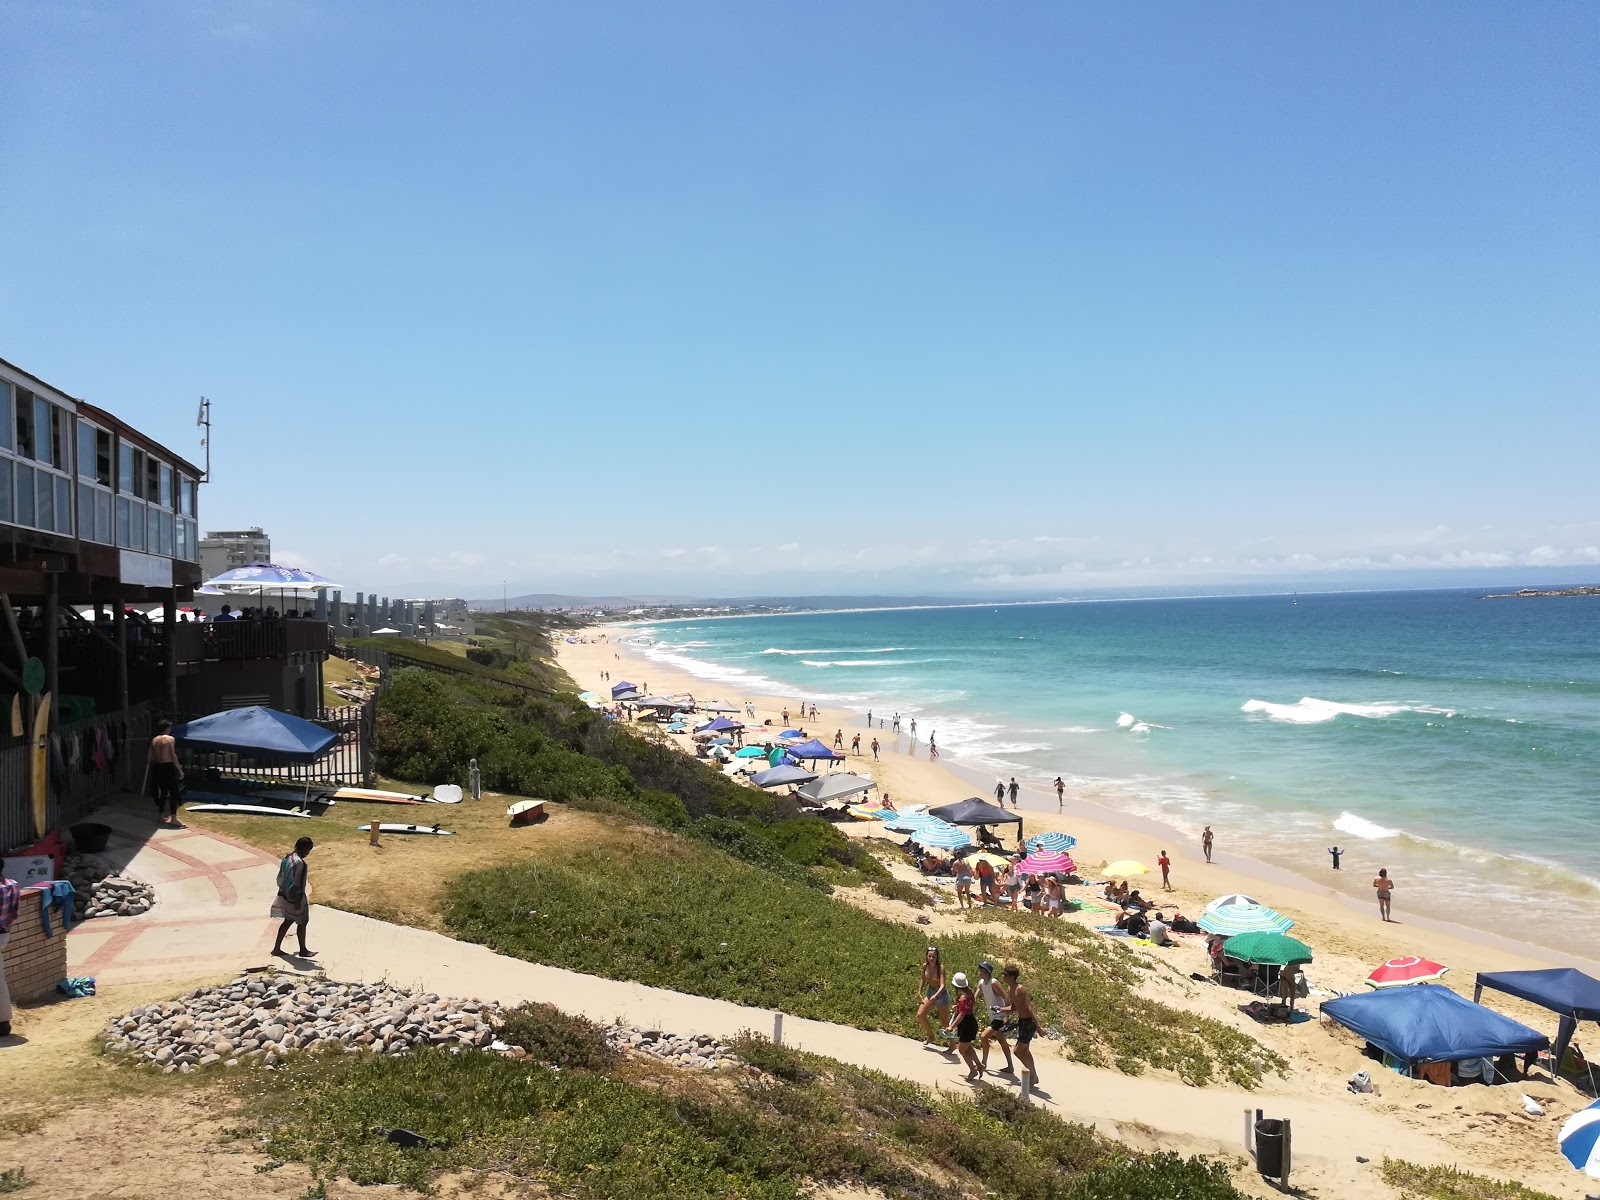 Diaz beach'in fotoğrafı geniş plaj ile birlikte
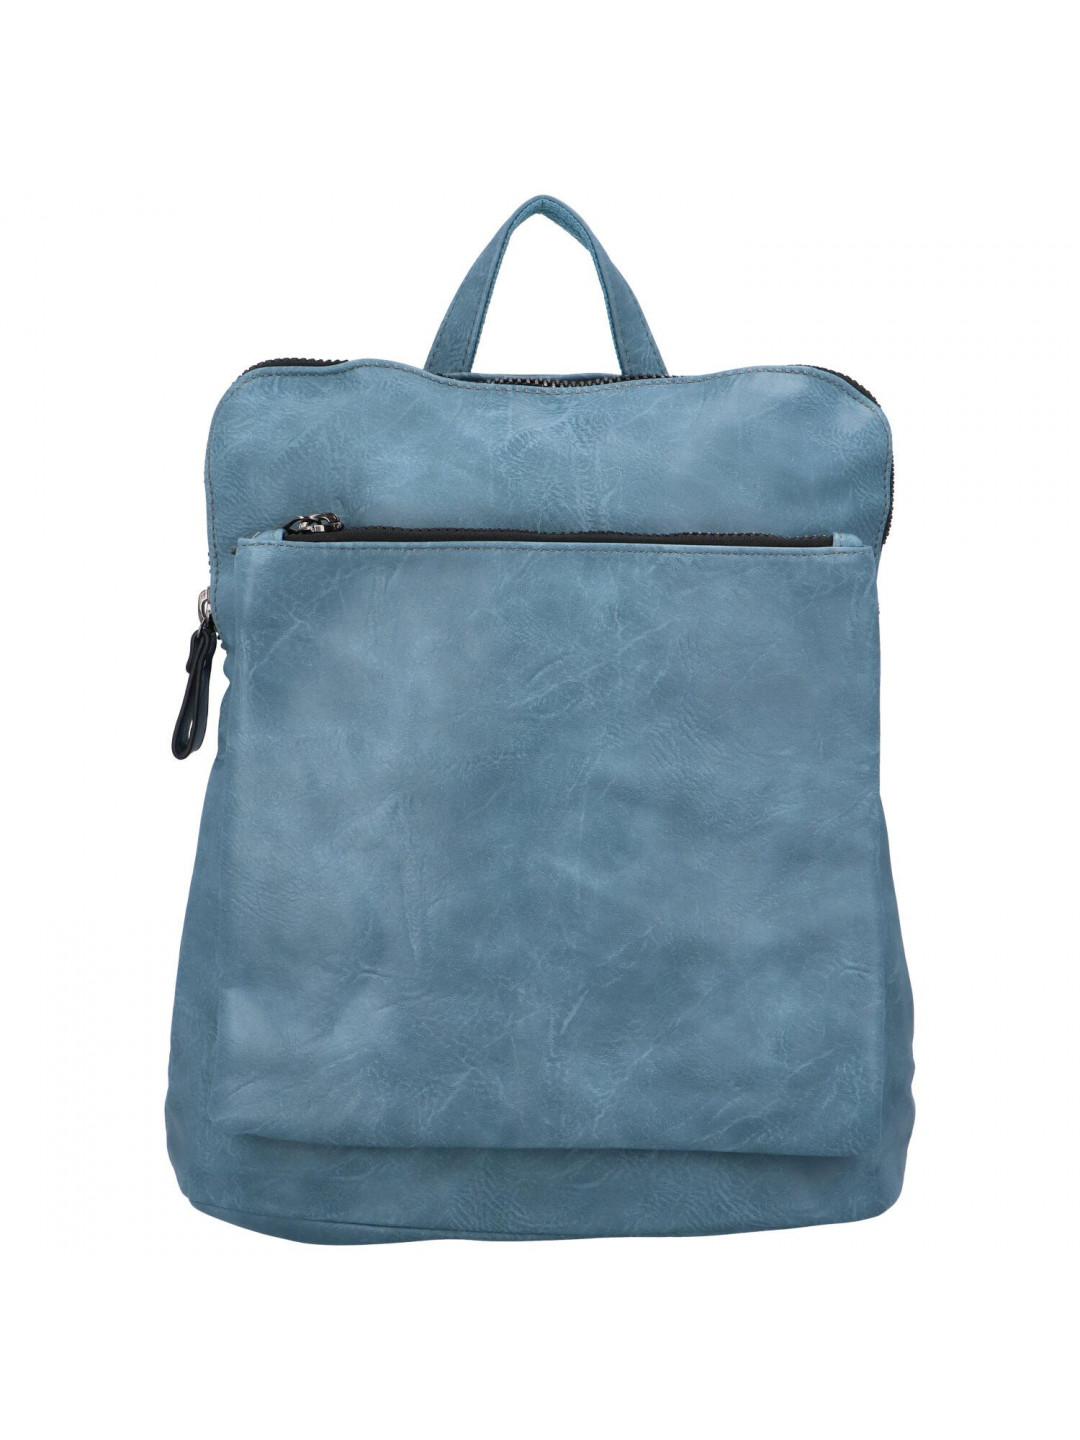 Praktický dámský koženkový kabelko batůžek Reyes světle modrá
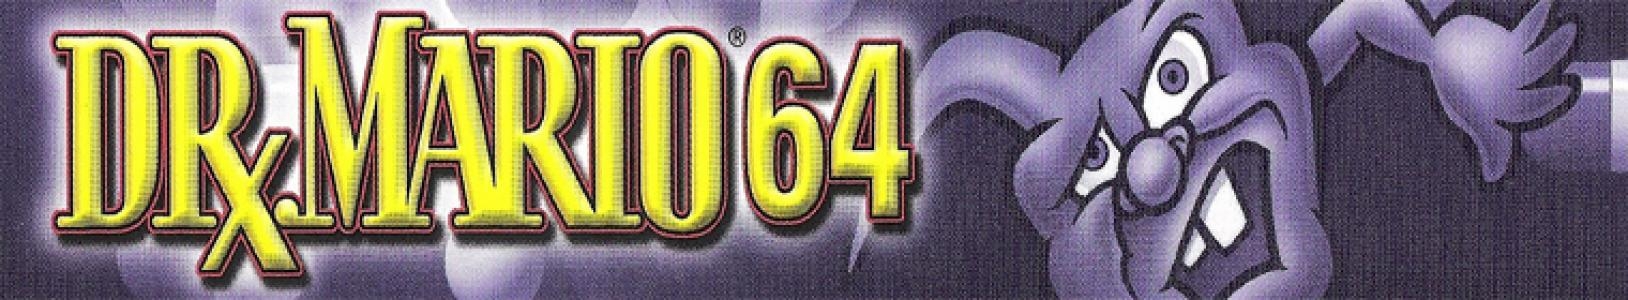 Dr. Mario 64 banner

######

*Problem to work on*.
All of the material should be reproduced exactly, apart from the pictures.

*Exercise output*.
 Diaz beach'in fotoğrafı geniş plaj ile birlikte
 Praktický dámský koženkový kabelko batůžek Reyes světle modrá
 Dr. Mario 64 banner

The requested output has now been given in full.